# [WHAT THE TASK REQUIRES]
Only the lines from the one containing "雪花 边框 爱心 蜜蜂" through the one containing "Vantage Washington Souvenir" should be printed, exactly as they appear below, with both ends included.

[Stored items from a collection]
- - - - - - -

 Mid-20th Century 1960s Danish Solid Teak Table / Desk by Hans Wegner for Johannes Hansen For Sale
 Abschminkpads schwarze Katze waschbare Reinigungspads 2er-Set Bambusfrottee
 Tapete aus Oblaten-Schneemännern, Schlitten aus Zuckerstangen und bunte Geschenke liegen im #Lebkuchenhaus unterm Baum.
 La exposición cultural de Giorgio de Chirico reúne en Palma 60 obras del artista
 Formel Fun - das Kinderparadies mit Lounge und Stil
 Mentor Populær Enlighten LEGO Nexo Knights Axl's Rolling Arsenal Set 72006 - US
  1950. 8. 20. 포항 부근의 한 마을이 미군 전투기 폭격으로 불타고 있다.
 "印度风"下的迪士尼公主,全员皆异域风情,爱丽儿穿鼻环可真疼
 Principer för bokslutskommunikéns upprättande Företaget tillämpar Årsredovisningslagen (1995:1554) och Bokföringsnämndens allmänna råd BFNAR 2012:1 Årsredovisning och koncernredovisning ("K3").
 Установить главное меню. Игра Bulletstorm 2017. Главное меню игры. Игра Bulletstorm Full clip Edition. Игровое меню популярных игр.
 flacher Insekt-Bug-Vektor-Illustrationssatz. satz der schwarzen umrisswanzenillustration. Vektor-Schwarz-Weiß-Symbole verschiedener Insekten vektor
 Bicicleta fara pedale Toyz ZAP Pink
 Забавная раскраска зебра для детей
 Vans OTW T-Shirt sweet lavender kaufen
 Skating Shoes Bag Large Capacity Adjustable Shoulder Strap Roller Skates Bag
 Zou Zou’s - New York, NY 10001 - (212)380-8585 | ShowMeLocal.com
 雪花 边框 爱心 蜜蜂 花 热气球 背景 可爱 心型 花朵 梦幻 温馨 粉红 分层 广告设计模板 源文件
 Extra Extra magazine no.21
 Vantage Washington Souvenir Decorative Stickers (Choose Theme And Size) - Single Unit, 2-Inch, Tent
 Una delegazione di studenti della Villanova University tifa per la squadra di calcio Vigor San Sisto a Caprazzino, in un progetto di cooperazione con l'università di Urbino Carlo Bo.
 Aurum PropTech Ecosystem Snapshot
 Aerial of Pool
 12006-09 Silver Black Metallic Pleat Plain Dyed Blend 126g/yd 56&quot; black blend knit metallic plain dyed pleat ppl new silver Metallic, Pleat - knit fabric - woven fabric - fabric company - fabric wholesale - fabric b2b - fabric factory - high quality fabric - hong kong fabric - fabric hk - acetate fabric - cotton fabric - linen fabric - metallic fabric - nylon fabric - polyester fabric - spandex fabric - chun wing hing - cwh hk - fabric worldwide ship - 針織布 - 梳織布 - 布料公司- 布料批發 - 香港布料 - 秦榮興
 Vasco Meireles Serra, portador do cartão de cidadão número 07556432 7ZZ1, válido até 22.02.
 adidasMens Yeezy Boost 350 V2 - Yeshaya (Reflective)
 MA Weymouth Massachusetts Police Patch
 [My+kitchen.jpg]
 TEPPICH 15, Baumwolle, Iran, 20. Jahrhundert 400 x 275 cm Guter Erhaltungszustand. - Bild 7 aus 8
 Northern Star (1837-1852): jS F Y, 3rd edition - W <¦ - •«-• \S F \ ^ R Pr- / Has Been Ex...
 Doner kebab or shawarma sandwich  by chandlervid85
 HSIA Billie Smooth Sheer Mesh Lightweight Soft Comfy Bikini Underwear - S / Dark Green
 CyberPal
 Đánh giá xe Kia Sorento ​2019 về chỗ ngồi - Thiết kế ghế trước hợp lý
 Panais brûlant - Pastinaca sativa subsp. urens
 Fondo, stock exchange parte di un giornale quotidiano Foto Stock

- - - - - - -

# [SOLUTION]
 雪花 边框 爱心 蜜蜂 花 热气球 背景 可爱 心型 花朵 梦幻 温馨 粉红 分层 广告设计模板 源文件
 Extra Extra magazine no.21
 Vantage Washington Souvenir Decorative Stickers (Choose Theme And Size) - Single Unit, 2-Inch, Tent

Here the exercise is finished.